[DO NOT PUBLISH]
IN THE UNITED STATES COURT OF APPEALS
FOR THE ELEVENTH CIRCUIT
________________________ FILED
U.S. COURT OF APPEALS
Nos. 09-12466 and 09-12651 ELEVENTH CIRCUIT
MARCH 12, 2010
Non-Argument Calendar
JOHN LEY
________________________
CLERK
D. C. Docket No. 08-00007-CR-4
UNITED STATES OF AMERICA,
Plaintiff-Appellee,
versus
JAMES WILLIAM BROWN,
a.k.a. James Brown,
Defendant-Appellant.
________________________
Appeals from the United States District Court
for the Southern District of Georgia
_________________________
(March 12, 2010)
Before DUBINA, Chief Judge, BARKETT and ANDERSON, Circuit Judges.
PER CURIAM:
Appellant James William Brown appeals his 296-month sentence and
convictions for possession and receipt of child pornography, in violation of
18 U.S.C. §§ 2252A(a)(5)(B) and 2252A(a)(2).

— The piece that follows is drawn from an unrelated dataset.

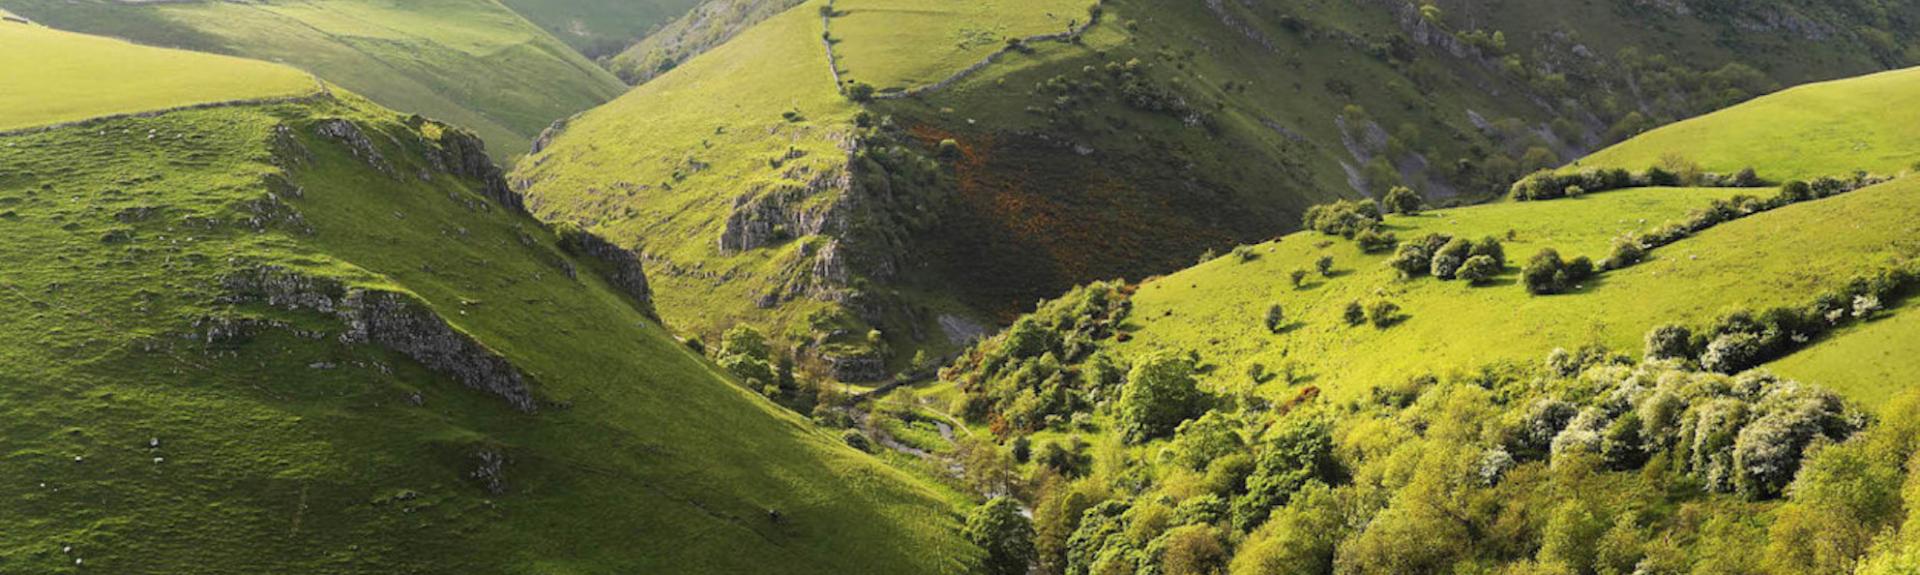 Thing to Do for Free in the Peak District

He argues that the district court
(1) erred by denying his motion to suppress; (2) abused its discretion by denying
his motion for a psychological evaluation at government expense, and (3) imposed
an unreasonable sentence.
I.
Brown first argues that items discovered in his storage unit should have been
suppressed because the government did not apply for a warrant to search the
storage unit; thus, the court improperly issued such a warrant. Brown also argues
that the search warrant was improperly issued because the requesting officer
recklessly or intentionally failed to inform the court of the “extreme personal
animosity” that informants Jason Bunce and Jason Day had against Brown. Brown
notes that a defendant is entitled to a hearing on the veracity of a search warrant
affidavit where the defendant establishes that false information was knowingly or
recklessly included in it. Brown further argues that the exception to the
exclusionary rule for warrants obtained in good faith should not apply to the
present case because the officer recklessly failed to request a search warrant for the
storage unit.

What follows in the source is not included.